- From: Jonathan Borden <jborden@mediaone.net>
- Date: Thu, 5 Apr 2001 16:37:23 -0400
- To: "Peter F. Patel-Schneider" <pfps@research.bell-labs.com>
- Cc: <phayes@ai.uwf.edu>, <www-rdf-logic@w3.org>
Peter F. Patel-Schneider wrote:
> From: "Jonathan Borden" <jborden@mediaone.net>
>
...
>
> > I suppose I've always seen as one of the benefits of RDF's triple model
the
> > very fact that it maps so easily onto a relational table -- and admit
that I
> > assumed this abstract syntax would in some sense inherit the formalism
of
> > the underlying database (e.g. this very relational model you mention).
If
> > you say this _isn't_ the case then I certainly agree things need to be
> > fixed, it just seems as though it shouldn't be that hard to do.
>
> I would be very interested in hearing about the details of this easy
> mapping. (Yes, you should consider me to be very skeptical about this.)

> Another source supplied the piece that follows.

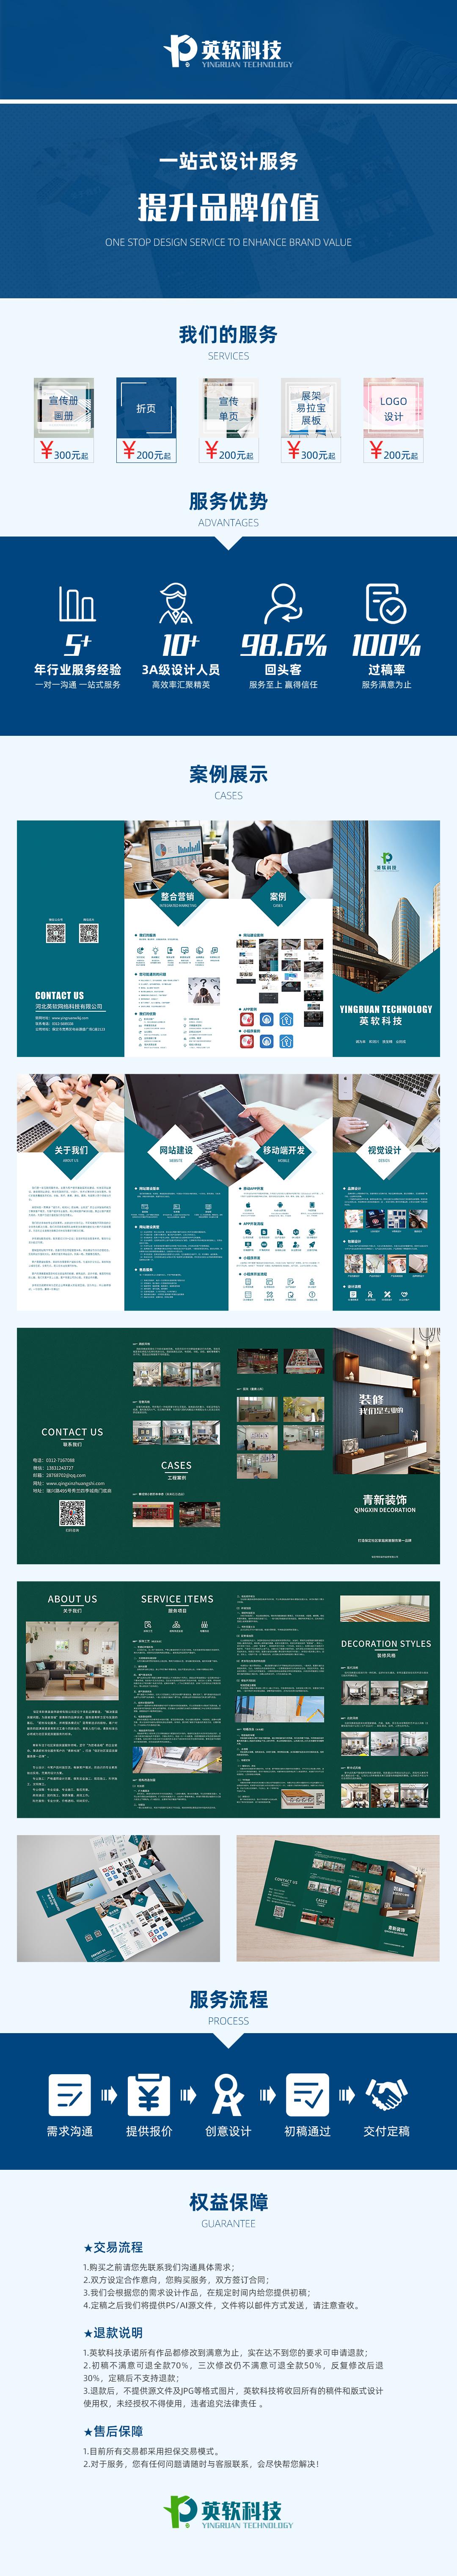 _店铺视觉升级电商设计详情页设计VI设计VI系统设计VI视觉规1

> I see a number of mismatches between the RDB model and the RDF model,
> including open-world versus closed-world, finite versus infinite domains,
> notions of identity, how to handle URIs and the things they refer to,
> reification, transitivity, inference of types, typing (particularly
> subtyping), and domain and range.
>
Part of the issue is that you are mixing up RDF Schema (e.g. domain, range)
with RDF... For RDF alone:
DEFINE TABLE triples AS
predicate : URI
subject : URI
object : URI
-- note that RDF literals can be encoded as "an example": data:text/plain,an
example so that all objects can be represented as URIs, literals using the
"data:" scheme.
-- a URI is a string having the syntax described in RFC 2396 (the EBNF isn't
quite perfect but close enough)
Let's start with this alone, and add concepts only as absolutely needed.